練習 11.5

課題文

ὁ ἄνθρωπος φύσει πολιτικὸν ζῷον.

語彙

文中の語 見出語形 品詞 変化形 主な意味
定冠詞 男性/単数/主格 にかかる
ἄνθρωπος ἄνθρωπος 男性名詞 単数/主格 人間
φύσει φύσις 女性名詞 単数/与格 自然, 本性
πολιτικόν πολιτικός 形容詞 中性/単数/主格 市民の, 政治の
ζῷον ζῷον 中性名詞 単数/主格 動物

脚注

特になし。

出典と翻訳

アリストテレース, 政治学, 1253a 3

メモ

φύσιςが本課の学習項目である母音幹の第三変化名詞。 この与格は限定の与格(P. 37, §58. 参照)。 ここでは「φύσιςという点においては」と副詞的に考えると理解しやすいように思える。

基本構造は簡単で、「ἄνθρωποςπολιτικὸν ζῷονである(ἐστιを補って考える)」というもの。 これに与格で表されるφύσειを付け加えて、「ἄνθρωποςφύσιςという点においては、πολιτικόςζῷονである」というのが本課題文の文意と思われる。

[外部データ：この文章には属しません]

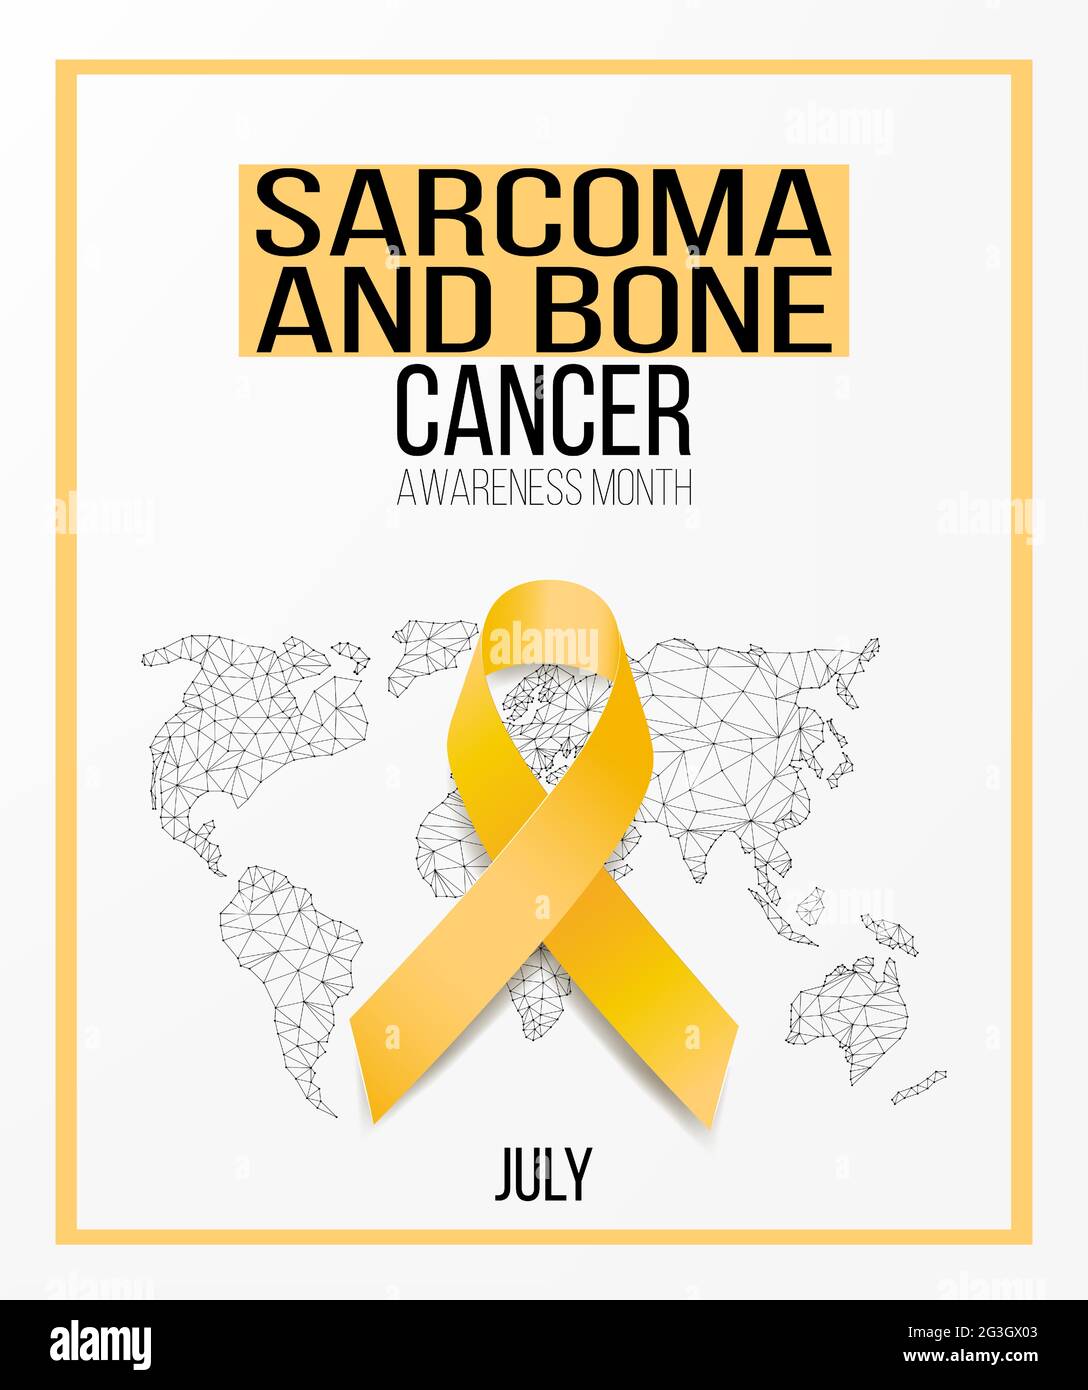 Sarcoma cancer awareness month concept. Banner template with yellow ribbon, text and world map. Vector illustration. Stock Vector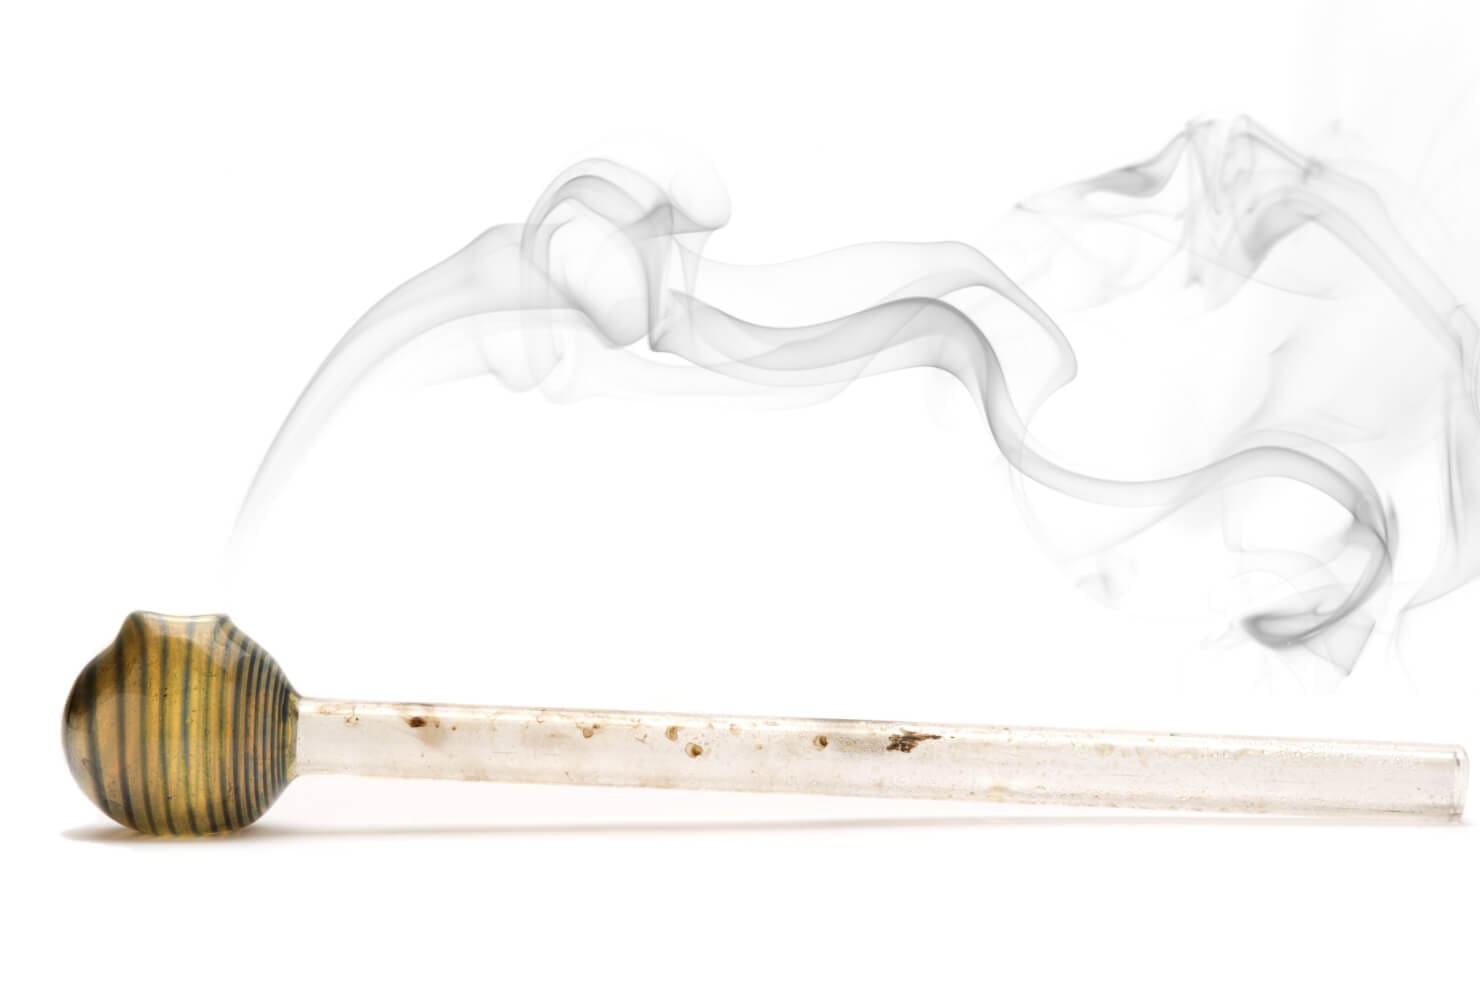 amanda paterson recommends homemade meth pipe pic

「人間は社会的な動物である」という訳でよく知られているが、πολιτικόςを単純に「社会的な」と訳していいのかどうかは、少々疑問が残る。 ギリシア人にとってのπόλιςは、現代の私たちが認識している「社会」とは必ずしも一致しないように思えるから。

そこに、「その本質という一点においては」と限定の与格(限定の対格がある程度の範囲を持つのに対して、限定の与格はある「一点で」とかなり限定の範囲が狭い特徴を持つ)で副詞的に関わってくる語を含めて、全体の内容を味わうのが楽しいのではないかと思えてならない。